Three years later, sitting in IMF-straitened Jamaica progressively tightening our belts, its hard to see that the exorbitant ‘rebranding’ of 2012 achieved anything at all. Yet here we are talking about branding once again à la the Brand Jamaica symposium. See my previous post for more detail on this.

A recurrent view expressed at the Brand Jamaica conference was that the country urgently needed to move beyond the cliched image the Jamaica Tourist Board had managed to fix of the island being a fun destiNATION (my terminology) and little more.  As the Executive Director of the Broadcasting Commission, Cordel Green said in his paper:

Every person in the world who thinks Jamaica–must be disabused of the notion that outside the walls of all inclusives and tourist enclaves lie shacks and derlection. They must also know that we are considerably more than beaches, sun, rum and fun.

Our cultural heritage, history and intellectual pedigree are world class and this country has made an international footprint that bears no relation to her size, age and global ranking.

Hume Johnson, one of the main organizers of the conference also succinctly summed up the redemptive objective of the exercise:

Our aim is to advocate for a re-imagining and repositioning of the Jamaican brand, the creation of a more complex narrative beyond sun, sand and sea, one that projects a more positive and complete image of the country centred on its people, culture and heritage.”

The question at the heart of the Re-imagine Jamaica conference was how to produce this more nuanced, complex narrative about the country. After her presentation, keynote speaker Samantha North asked the audience what they would like to see included in Jamaican identity that might help shift or alter global perception of the country as a tourist playground with a violent, homophobic population. What were some of the assets Jamaica possessed that were little known by outsiders? That could be enlisted in the reconstituting and recuperation of its image?

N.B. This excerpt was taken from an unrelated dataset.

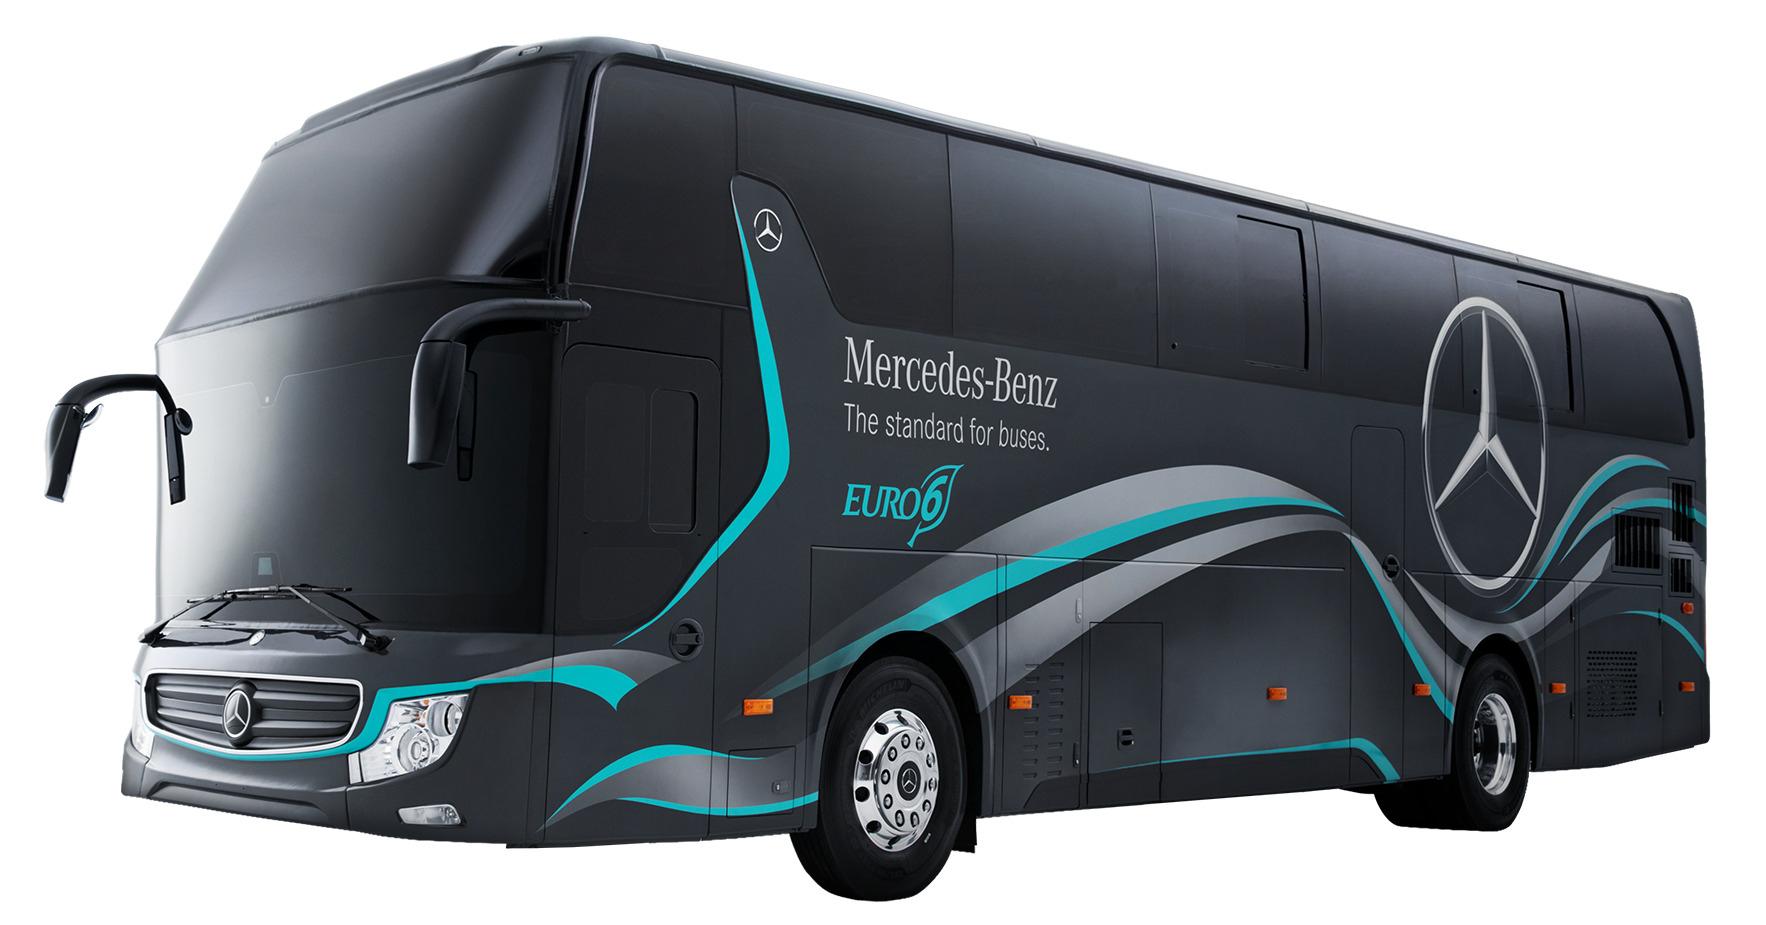 Daimler Buses autobus da turismo Euro 6

The audience advanced a number of suggestions–Jamaica’s cuisine, its beauty queens, its intellectuals, its footballers dwelling in foreign climes such as Raheem Stirling. In terms of intellectuals Rex Nettleford was mentioned more than once and I brought up Stuart Hall, arguably the MOST outstanding intellectual Jamaica has produced whose influence globally, and on Britain in particular, easily puts him in any list of the top ten public intellectuals worldwide in the last four decades.

Stuart Hall wrote the textbook on representation and identity, how stereotypes are formed and how to dismantle them (see video above), his work is so highly cited (citation factor being the metric used in academia to measure scholarly worth) that on any given day a Google Scholar advanced search for his name returns approximately 54,000 results per 0.03 seconds to Rex Nettleford’s 2,000 (the highest of any locally based academic).  For comparison Orlando Patterson, another Jamaican intellectual superstar located in the diaspora, returns 51,000 results; Frantz Fanon about 36,600 results and Derek Walcott a measly 12,900 results.

Patterson and Hall are in a category with other global intellectual giants such as Amartya Sen, Edward Said, Richard Rorty and Slavoj Zizek, the latter lower at 44,000 than either Patterson or Hall. While Patterson is known to Jamaicans Stuart Hall is so unheard of that the main newspaper here  wrote an editorial after his death in February 2014 lamenting the lack of awareness in Jamaica of who this towering intellectual was.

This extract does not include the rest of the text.